**Dataset section:**

········

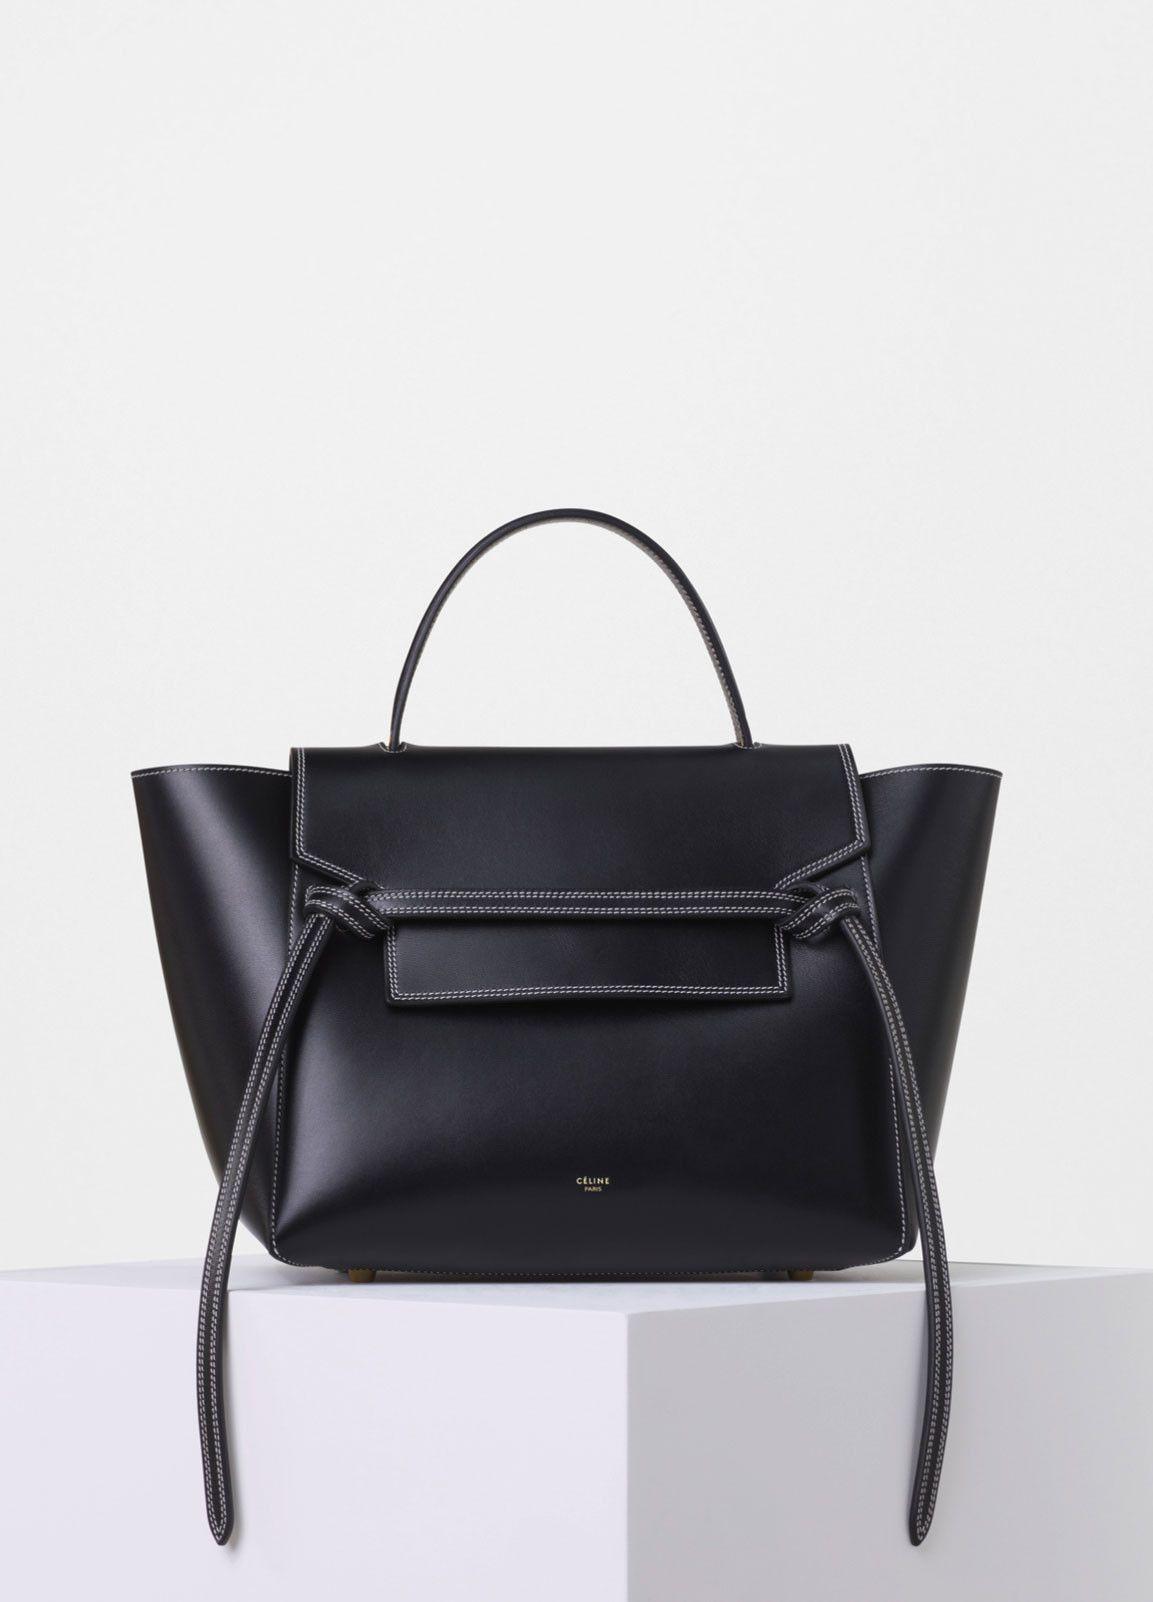 cf7ff6255 Mini Belt Bag in Double Stitching Calfskin - Céline | ACCESSORIES ...
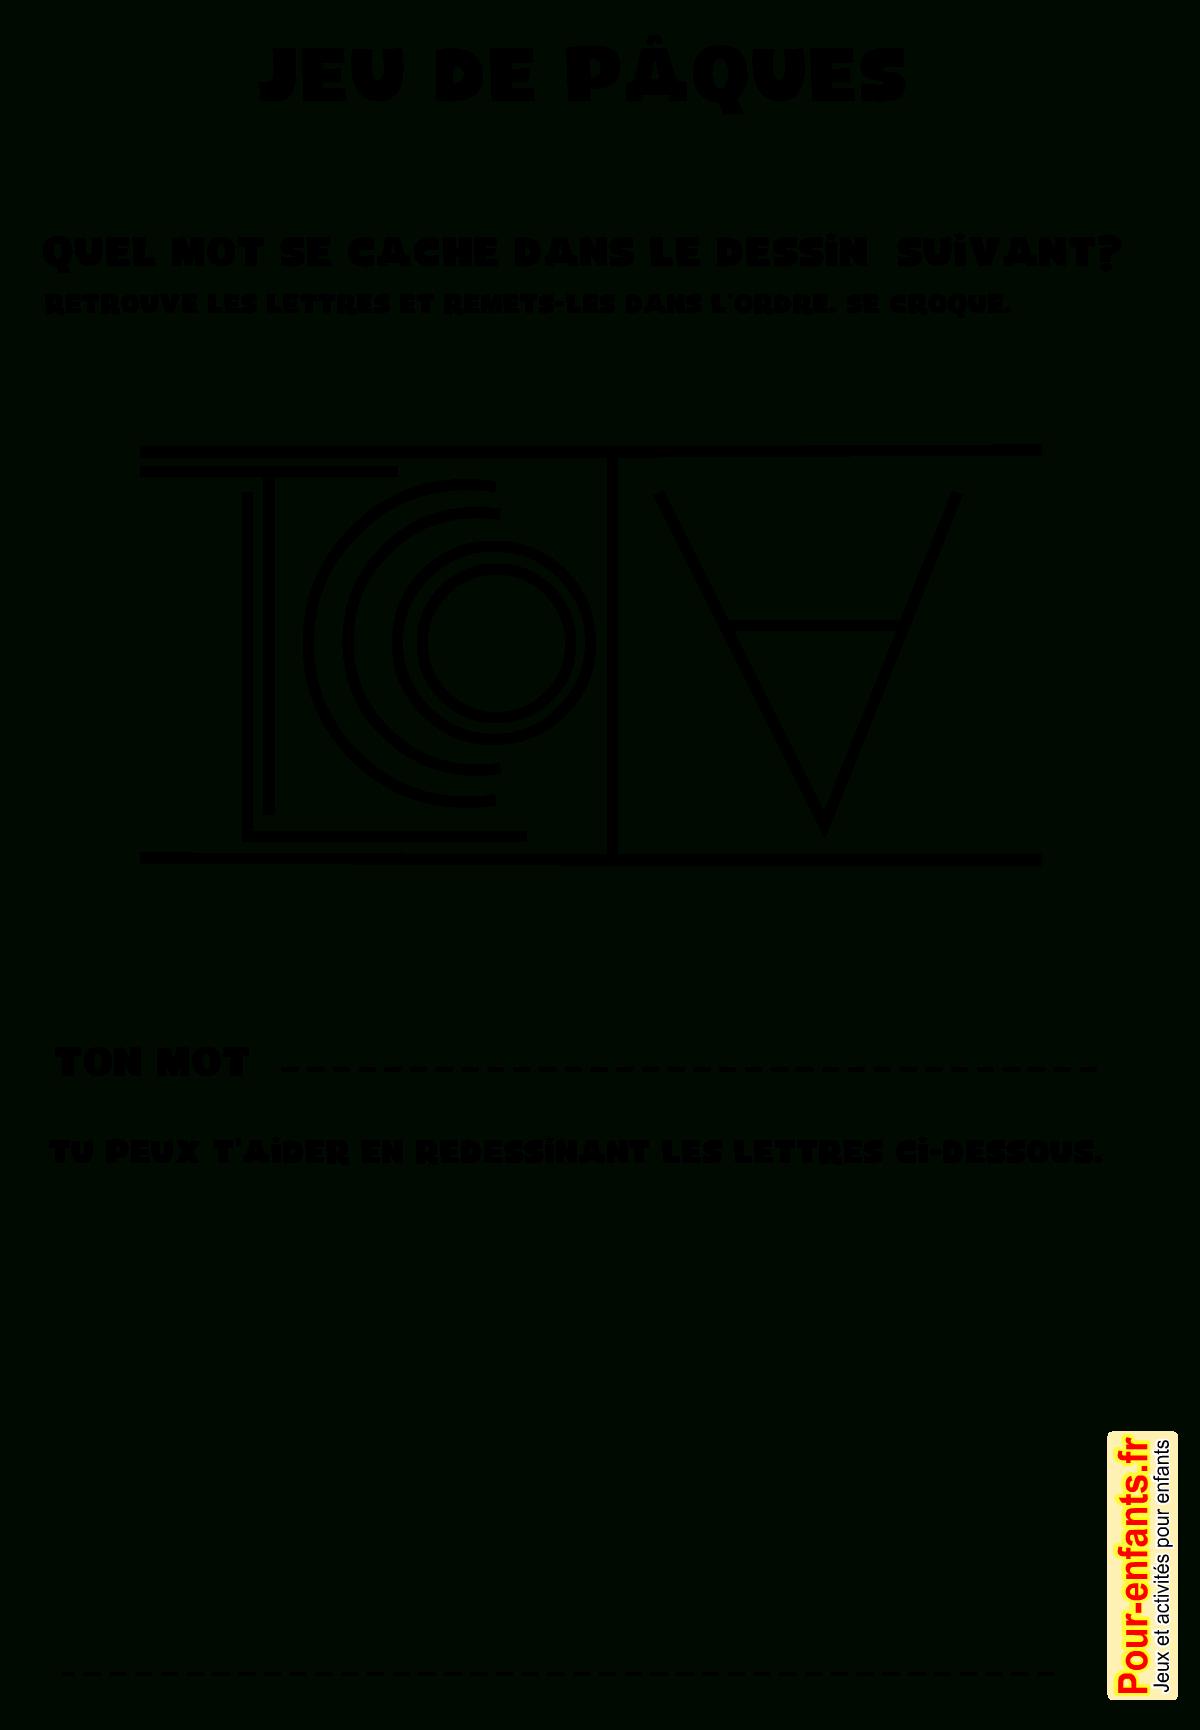 Jeux De Pâques À Imprimer Jeu De Mots Avec Solution avec Jeux De Cm1 Gratuit
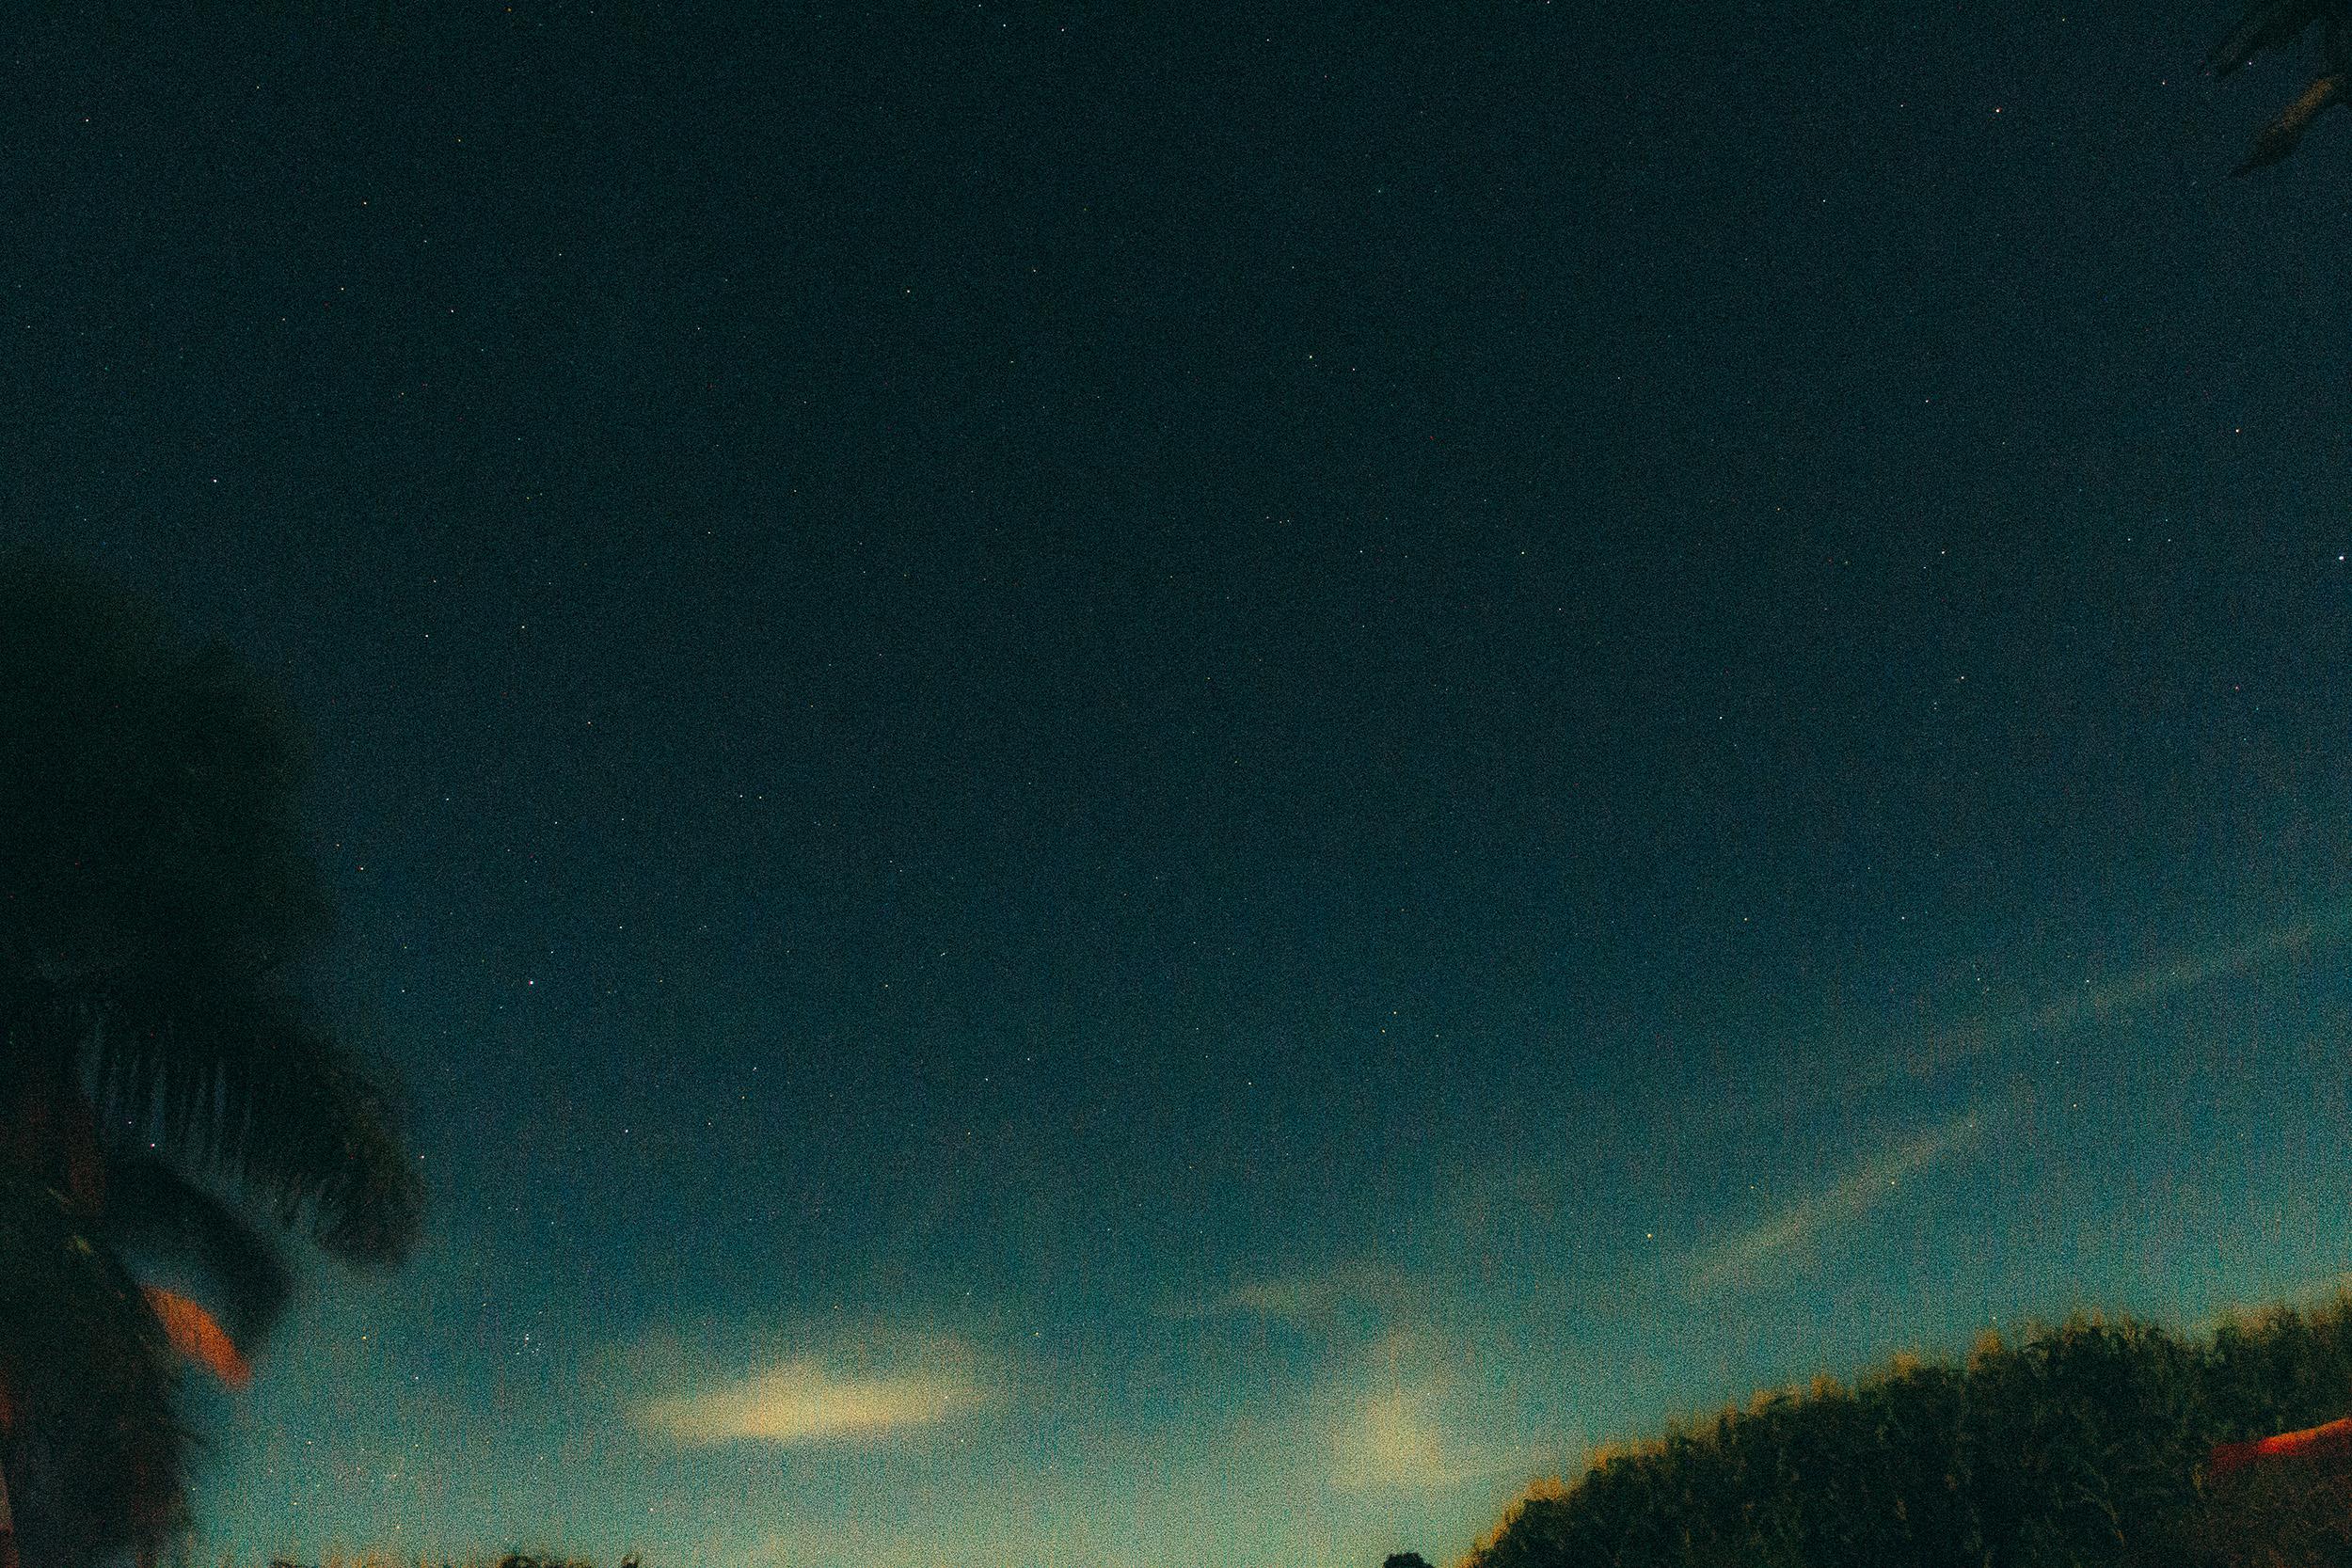 erechim noite interior paulo bento dezembro fotografia arte conceitual

········

Return the data above in its exact wording, with none of the pictures.

**Reply:**
 cf7ff6255 Mini Belt Bag in Double Stitching Calfskin - Céline | ACCESSORIES ...
 Jeux De Pâques À Imprimer Jeu De Mots Avec Solution avec Jeux De Cm1 Gratuit
 erechim noite interior paulo bento dezembro fotografia arte conceitual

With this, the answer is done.